● RECORDS FOR THE EXERCISE
┄┄┄┄┄┄┄┄┄┄┄┄┄┄┄┄┄┄┄┄

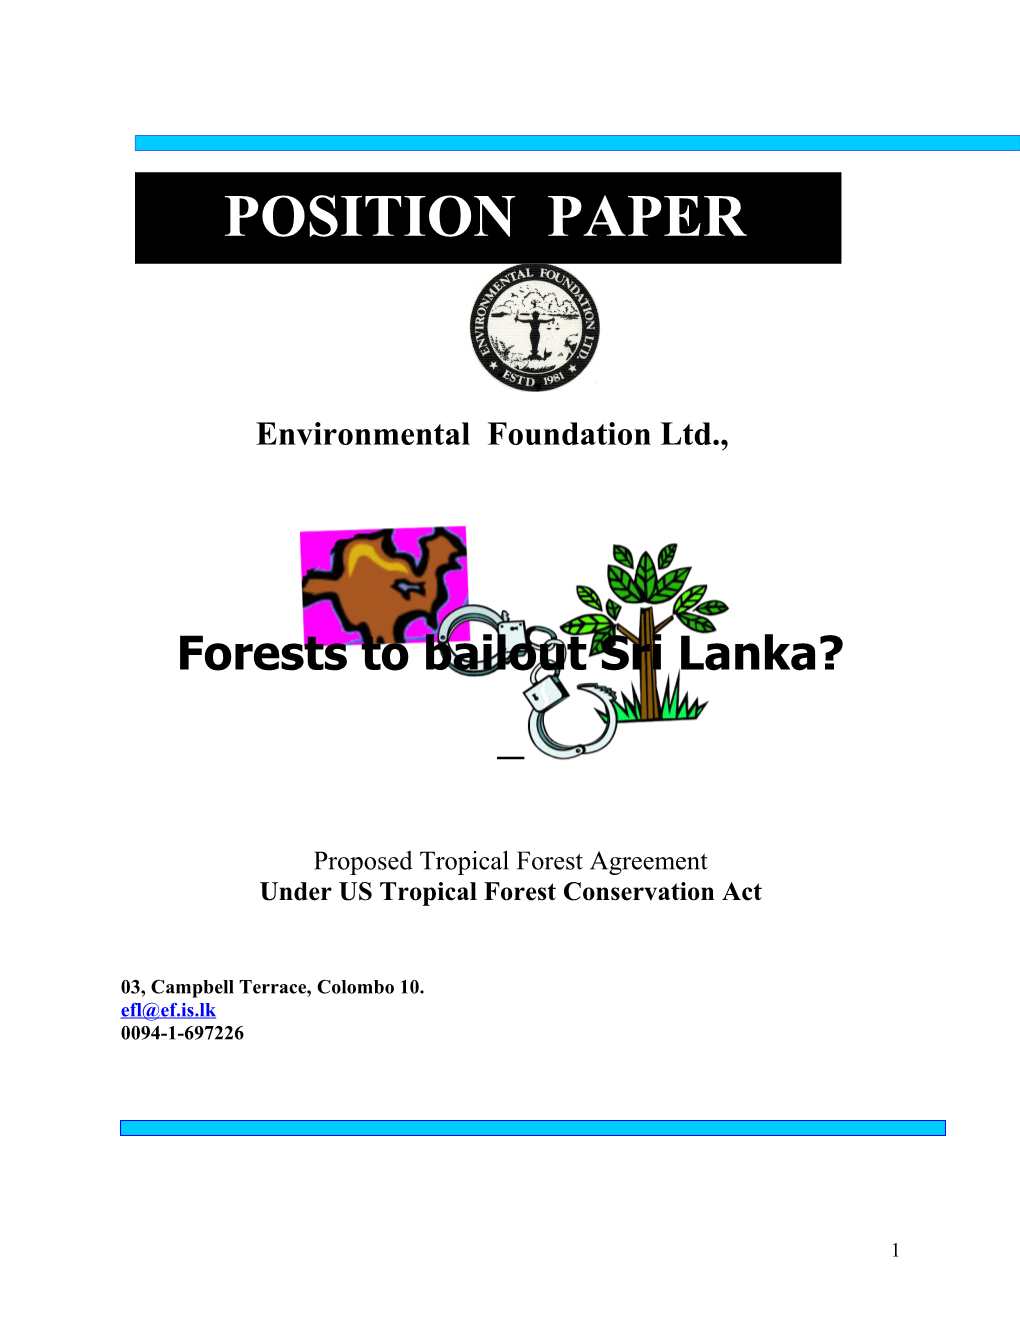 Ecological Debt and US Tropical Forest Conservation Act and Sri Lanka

┄┄┄┄┄┄┄┄┄┄┄┄┄┄┄┄┄┄┄┄

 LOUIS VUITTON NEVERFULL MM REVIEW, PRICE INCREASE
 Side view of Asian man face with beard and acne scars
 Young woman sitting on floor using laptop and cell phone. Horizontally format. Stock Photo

┄┄┄┄┄┄┄┄┄┄┄┄┄┄┄┄┄┄┄┄

● EXERCISE AIM
Out of the data above, set down the lines from the one with "LOUIS VUITTON NEVERFULL" to the one with "Young woman sitting", both included, exactly as written and with no additions.

● REPLY
 LOUIS VUITTON NEVERFULL MM REVIEW, PRICE INCREASE
 Side view of Asian man face with beard and acne scars
 Young woman sitting on floor using laptop and cell phone. Horizontally format. Stock Photo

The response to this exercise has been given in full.